California Wonder red and yellow peppers will come again and also a new one called ace Big Chili were quite prolific for and Anaheim type and I’m going to give Italia a try for a bulls horn pepper. Jalapeno and Cayenne will be hot enough for us, and some sweet bananas for a little zest.
For the watermelon patch, I ordered Rattlesnake, Crimson Sweet, Charleston Grey and Sugar Baby, all ones I’ve had success with before. Cantaloupe seed I save from year to year, as we do with pinto beans, Kale, and a few other vegetables.
Our zucchinis pooped out on us last year, so I’m going to stick with Costata Romanesca, a light green zucchini that produced better. Straightneck yellow and Scallop patty pans will round out the summer squash patch.
Tomatoes for 2002: Park’s Whopper, Goliath, Sensation, Celebrity, and Big Beef for slicers, and Sun Gold for a dynamite cherry. We have a few Bradley and Oxheart seeds saved of these heirloom varieties.

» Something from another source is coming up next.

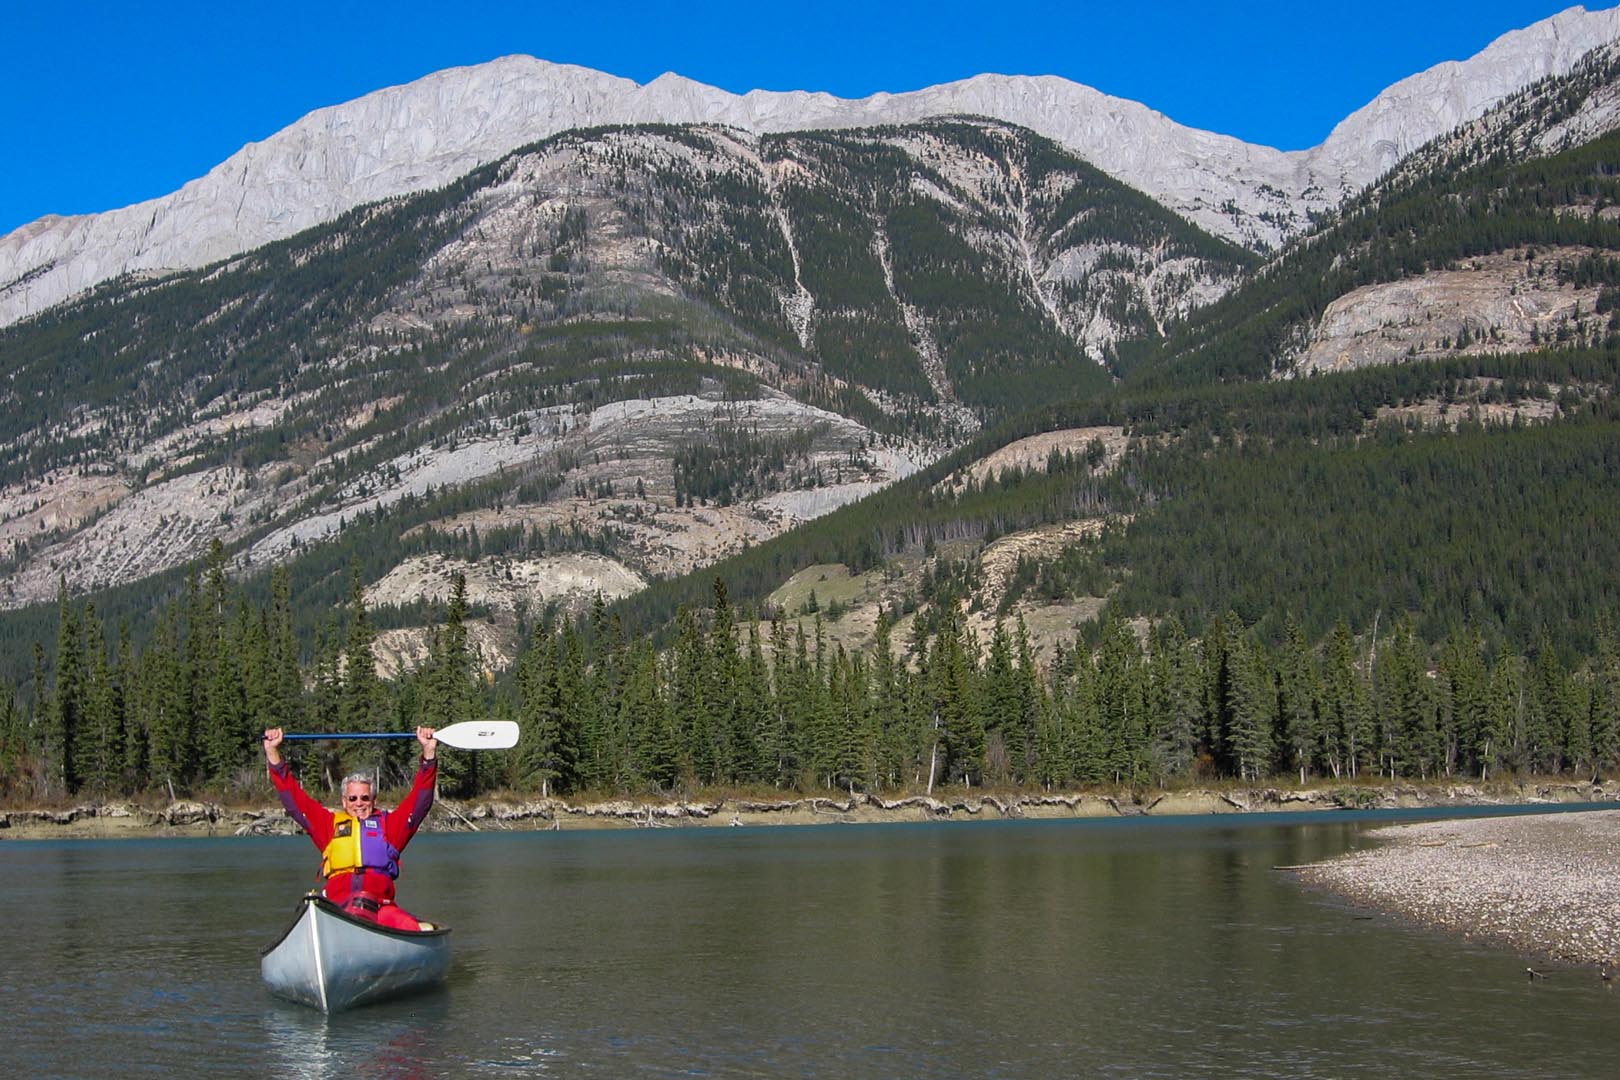 Canoeing Athabsca River - Explore Jasper

For the fall garden, I ordered Wong Bok, Blues and lettucy Chinese cabbages, Mei Qing and Joi Choi bok choy, Golden self-balancing celery, Garden Rocket arugula and Italian wild arugula, Georgia collards, komatsuma, Tat Soi, and mizuna. A few new ones, for me, are Red Mustard and Melokhiya, the latter being the most widely consumed vegetable in Egypt. I’d never heard of it before.
Parsley varieties are Green River and Italian Giant. Basil, dill, and chamomile will give us a nice herb garden along with the perennials thyme and oregano.
The flower beds will host our own zinnias, poppies, and marigolds, along with some new varieties, too. Sunflowers are a big hit and this year we’ll try Moulin Rouge, Infrared, Provence, Santa Fe, Crimson, and Yellow Thrillers. For zinnias: Benary’s Giant, State Fair, and Persian Carpet, and for marigolds, Red Metamorph, developed by Alan Kapuler from Seeds of Change.
A light dusting of snow gave us enough for a few snowballs today. Cool weather and a warm fire make ordering the seeds welcome winter ritual. Soon, we’ll be sprinkling our gardens with a variety of seeds.